■ **PROBLEM DETAILS**: Skipping all pictures, print exactly the lines below from the one with "Get Into VINE - Copper Earrings" through the final line.

*** DATASET CONTENT Section Begins ***

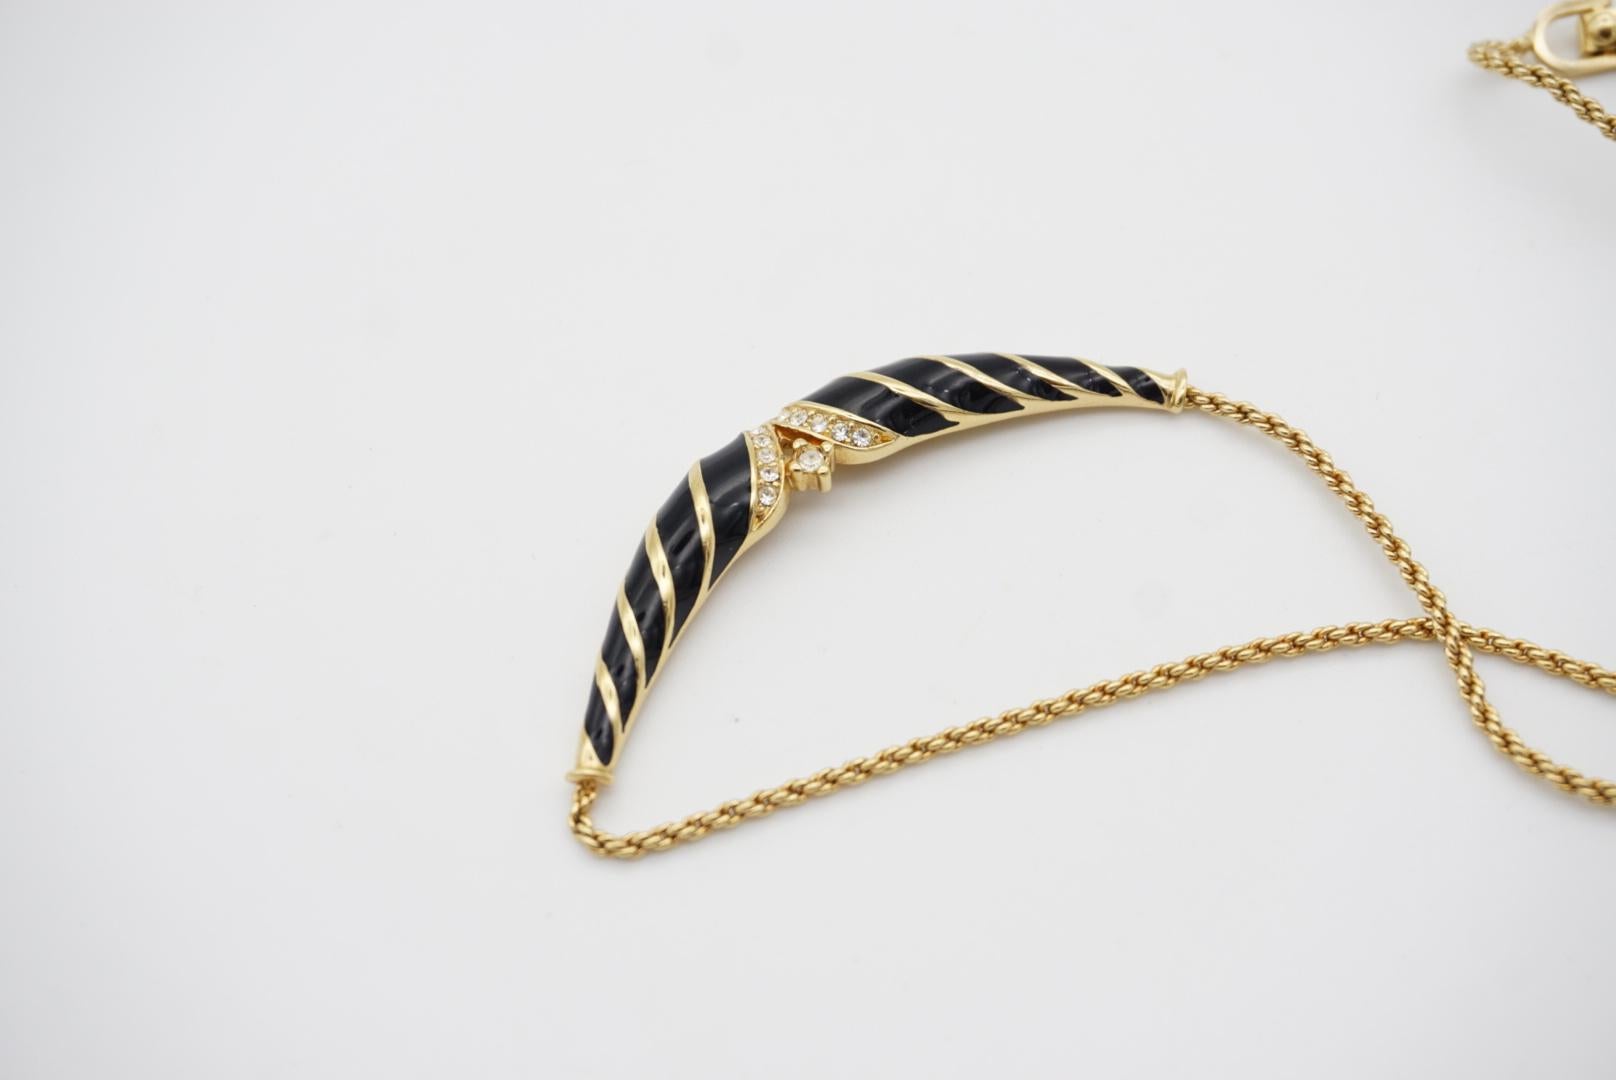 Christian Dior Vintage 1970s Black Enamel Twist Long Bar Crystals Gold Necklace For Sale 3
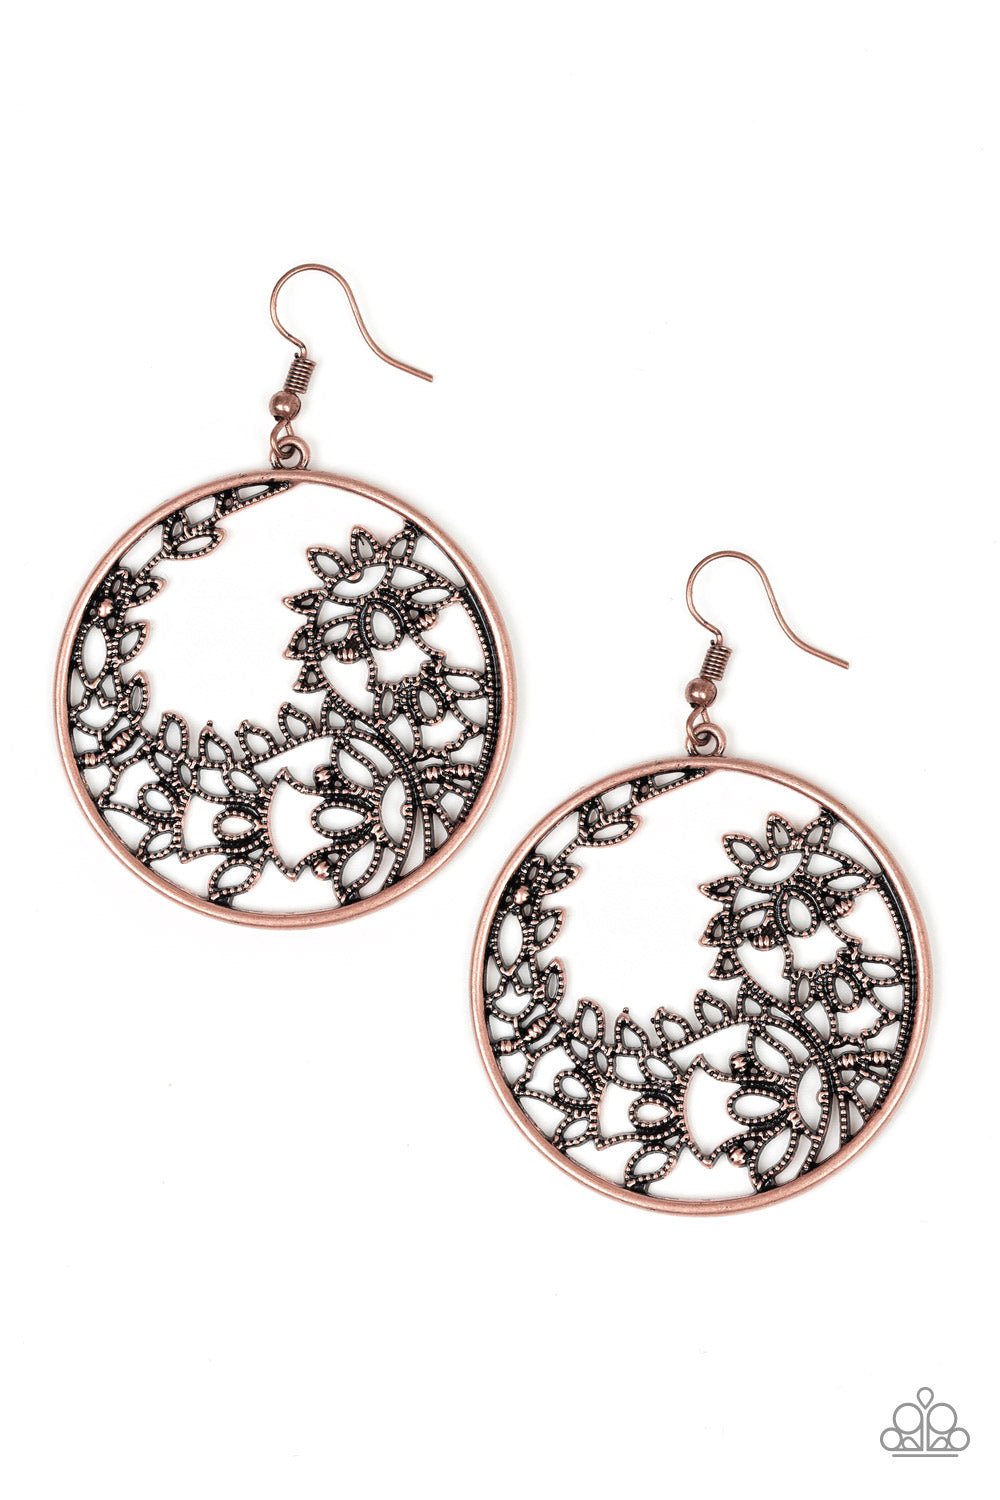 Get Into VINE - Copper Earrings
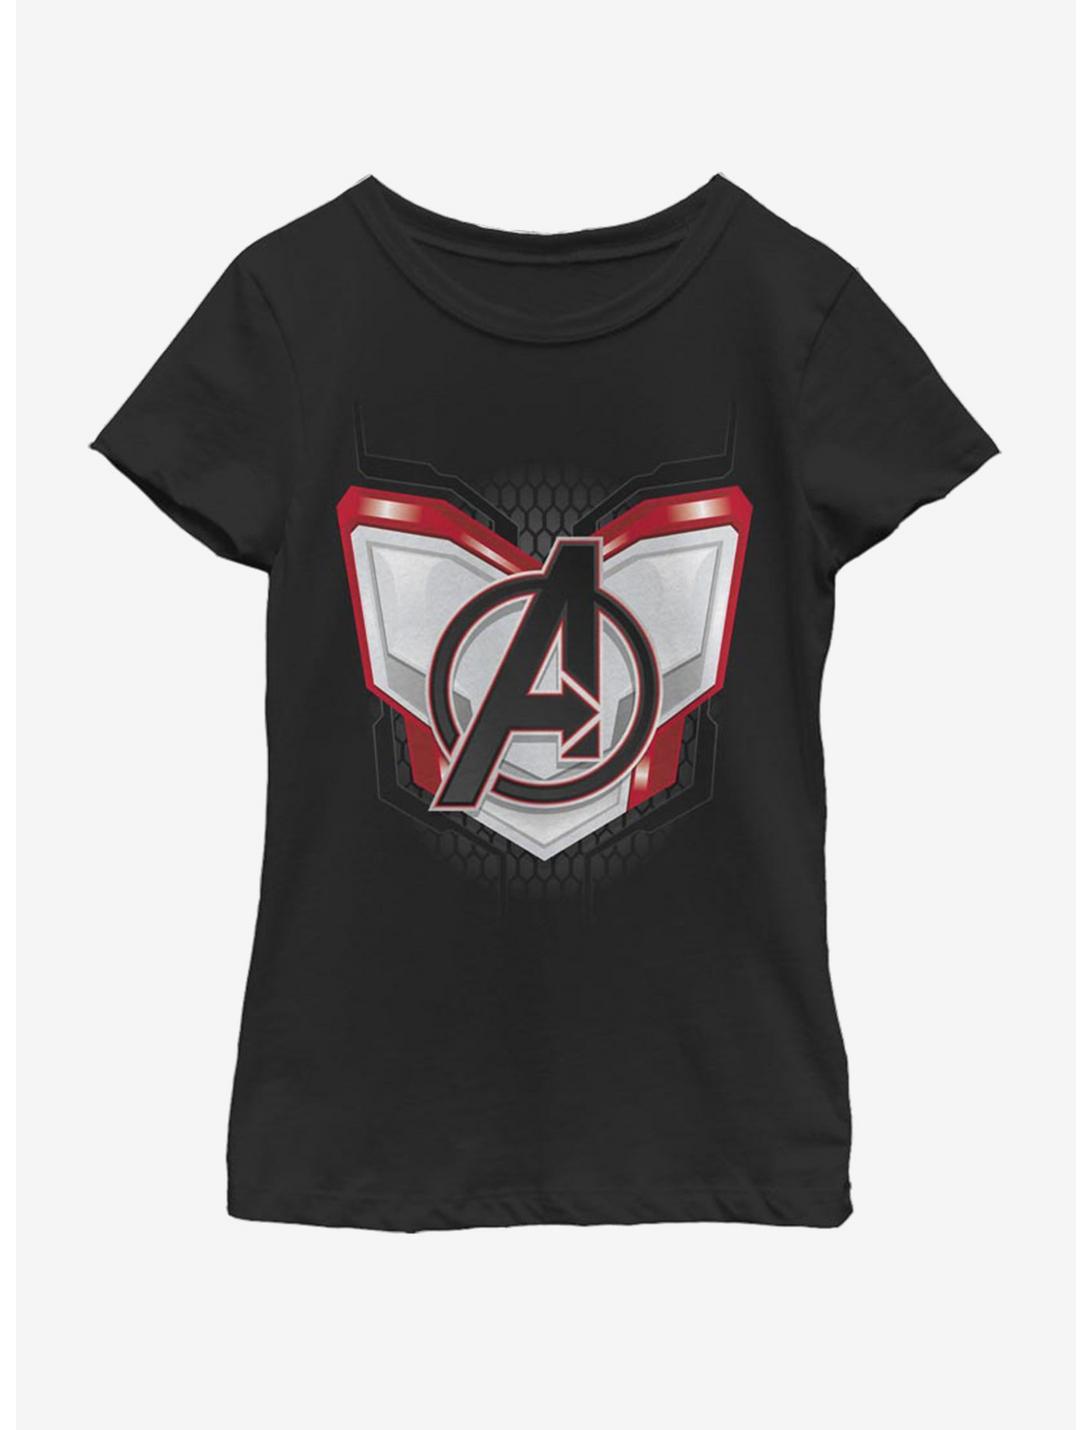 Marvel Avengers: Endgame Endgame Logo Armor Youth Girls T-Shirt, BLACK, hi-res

*** DATASET CONTENT Section Ends ***

■ **ANSWER TO THE EXERCISE**:
 Get Into VINE - Copper Earrings
 Marvel Avengers: Endgame Endgame Logo Armor Youth Girls T-Shirt, BLACK, hi-res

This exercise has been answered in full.